Libya signed contracts with French firms for military equipment on Thursday, the first arms deals with a Western country since the 2004 lifting of an international weapons embargo, a Libyan source said.
The contracts were worth a total of 296 million euros ($402 million), said the source. One deal for 168 million euros was for Milan anti-tank missiles and the other for 128 million euros was for communications systems.
The contract for the Tetra communication system was signed with EADS, jointly controlled by French and German interests, while the missile deal was signed with the MBDA company, the missiles affiliate of EADS, the source said.
The Milan is a portable, medium-range anti-tank weapon.
On Wednesday, the son of Libyan leader Muammar Gaddafi was quoted as saying by French newspaper Le Monde that France had agreed to sell anti-tank missiles to Libya as part of a broader military agreement.
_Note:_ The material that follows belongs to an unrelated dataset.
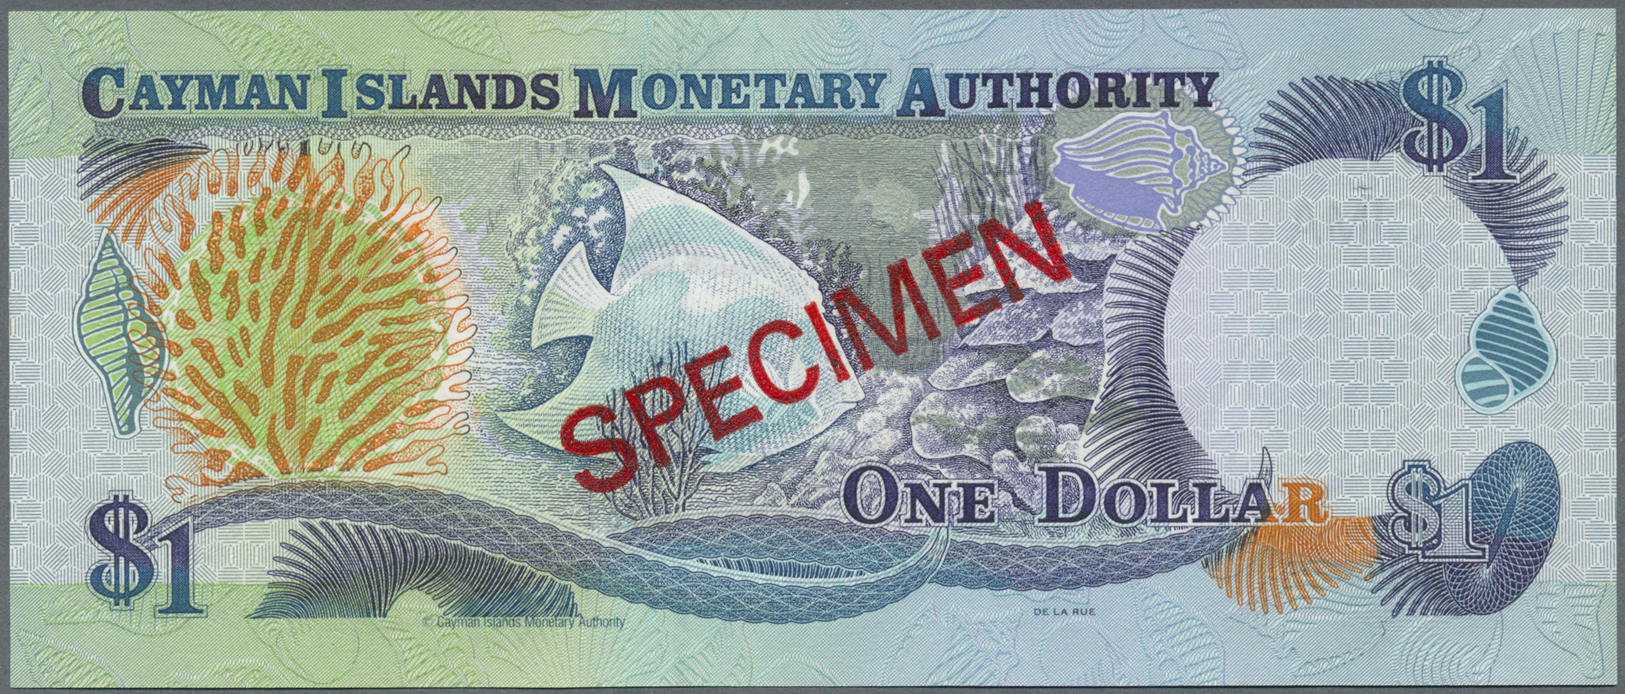 00518 Cayman Islands: 1 Dollar 2003 Commorative Issue SPECIMEN P. 30s, Rare As Specimen, Condition: UNC. - Cayman Islands

French President Nicolas Sarkozy clinched an accord on defence and signed a memorandum of understanding for a nuclear energy deal when he visited Tripoli last week, after helping to free foreign medics imprisoned in Libya.
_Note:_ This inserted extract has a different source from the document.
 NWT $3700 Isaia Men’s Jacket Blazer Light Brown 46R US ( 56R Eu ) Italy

But he denied on Wednesday the release of the medics was secured by an arms agreement. Answering questions from journalists as to what deal had been offered by France, he said: "None."
The European Union lifted an arms embargo on Libya in October 2004, but Gaddafi's son, Saif al-Islam, said the ban had effectively remained in place, blaming the Germans for putting the brakes on possible deals.
Sarkozy flew to Libya hours after helping to secure the release of six foreign medics held in jail for eight years for allegedly infecting Libyan children with HIV.
Libya started emerging from international isolation in 2003 when it agreed to halt a weapons programme prohibited by the United Nations and pay compensation for the bombing of a U.S. airliner over Scotland in 1988 in which 270 people were killed.